慢性病灶的扩大与复发缓解型多发性硬化症患者的疾病进展有关

背景缓慢燃烧的炎症被推定与病灶扩大有关并导致轴突的进行性丧失和残疾恶化。目的 调查复发缓解型多发性硬化症 (RRMS) 患者慢性白质病变扩张的发生率和程度,并评估其与疾病进展的生物标志物的关系。方法 从 33 名患者中获取钆前后 T1、流体衰减反转恢复 (FLAIR) 和扩散张量图像。使用定制设计的软件分析基线和 48 个月之间的病变活动。结果基线时共有569个病灶被确定为慢性病灶,其中261个病灶在扩大,236个病灶稳定,72个病灶缩小。此外,还观察到 139 个新病灶(融合的和独立的)。慢性病灶扩大与患者的年龄有关,占脑总病灶体积增加的大部分(67.3%),而只有 32.7% 可归因于新病灶的形成。慢性病灶体积的变化与脑萎缩率 (r = -0.57, p = 0.001)、扩展残疾状态量表 (EDSS; r = 0.38, p = 0.03) 和病灶内各向同性扩散的增加​​相关 ( r = 0.75,p < 0.001)。结论 RRMS 患者慢性病灶的扩大是 T2 总病灶负荷增加的主要决定因素。它显着促进疾病进展并部分驱动病变内部的轴突损失和病变组织外部的脑损伤。7% 归因于新病灶的形成。慢性病灶体积的变化与脑萎缩率 (r = -0.57, p = 0.001)、扩展残疾状态量表 (EDSS; r = 0.38, p = 0.03) 和病灶内各向同性扩散的增加​​相关 ( r = 0.75,p < 0.001)。结论 RRMS 患者慢性病灶的扩大是 T2 总病灶负荷增加的主要决定因素。
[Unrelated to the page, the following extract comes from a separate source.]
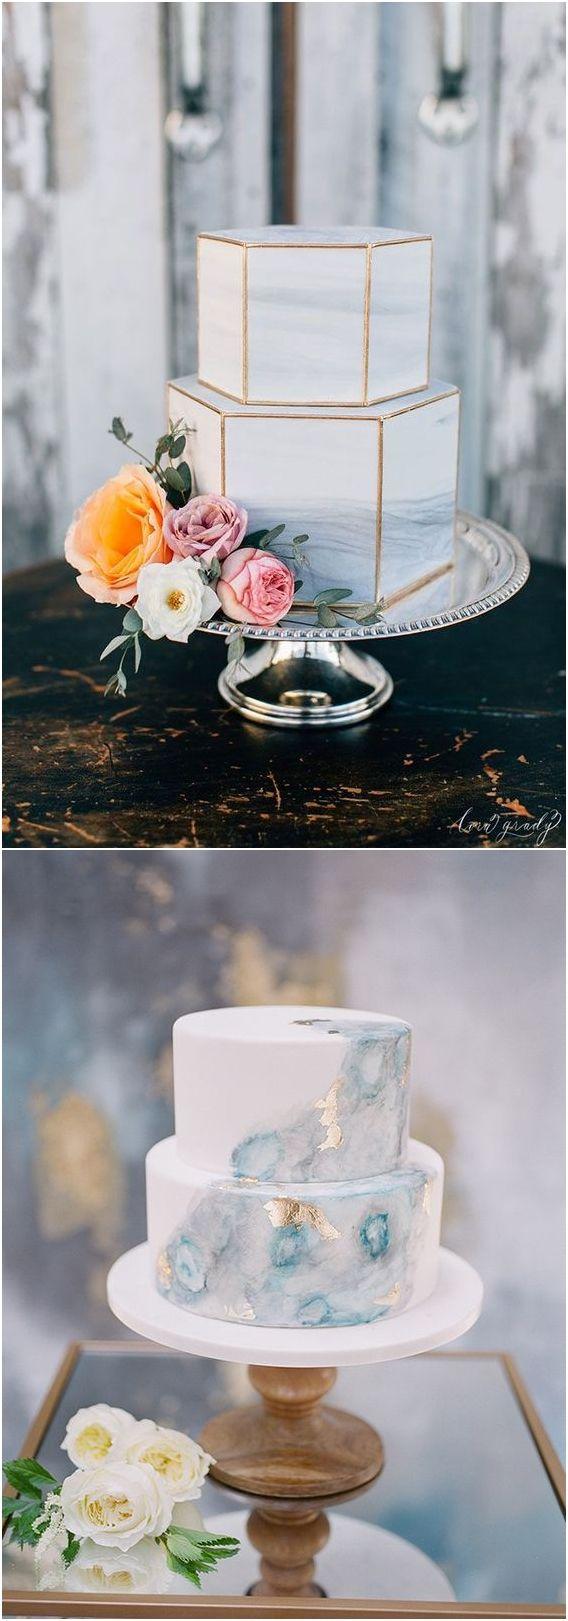 Hochzeit - Top 5 Wedding Cake Trends In 2018

它显着促进疾病进展并部分驱动病变内部的轴突损失和病变组织外部的脑损伤。7% 归因于新病灶的形成。慢性病灶体积的变化与脑萎缩率 (r = -0.57, p = 0.001)、扩展残疾状态量表 (EDSS; r = 0.38, p = 0.03) 和病灶内各向同性扩散的增加​​相关 ( r = 0.75,p < 0.001)。结论 RRMS 患者慢性病灶的扩大是 T2 总病灶负荷增加的主要决定因素。它显着促进疾病进展并部分驱动病变内部的轴突损失和病变组织外部的脑损伤。结论 RRMS 患者慢性病灶的扩大是 T2 总病灶负荷增加的主要决定因素。它显着促进疾病进展并部分驱动病变内部的轴突损失和病变组织外部的脑损伤。结论 RRMS 患者慢性病灶的扩大是 T2 总病灶负荷增加的主要决定因素。它显着促进疾病进展并部分驱动病变内部的轴突损失和病变组织外部的脑损伤。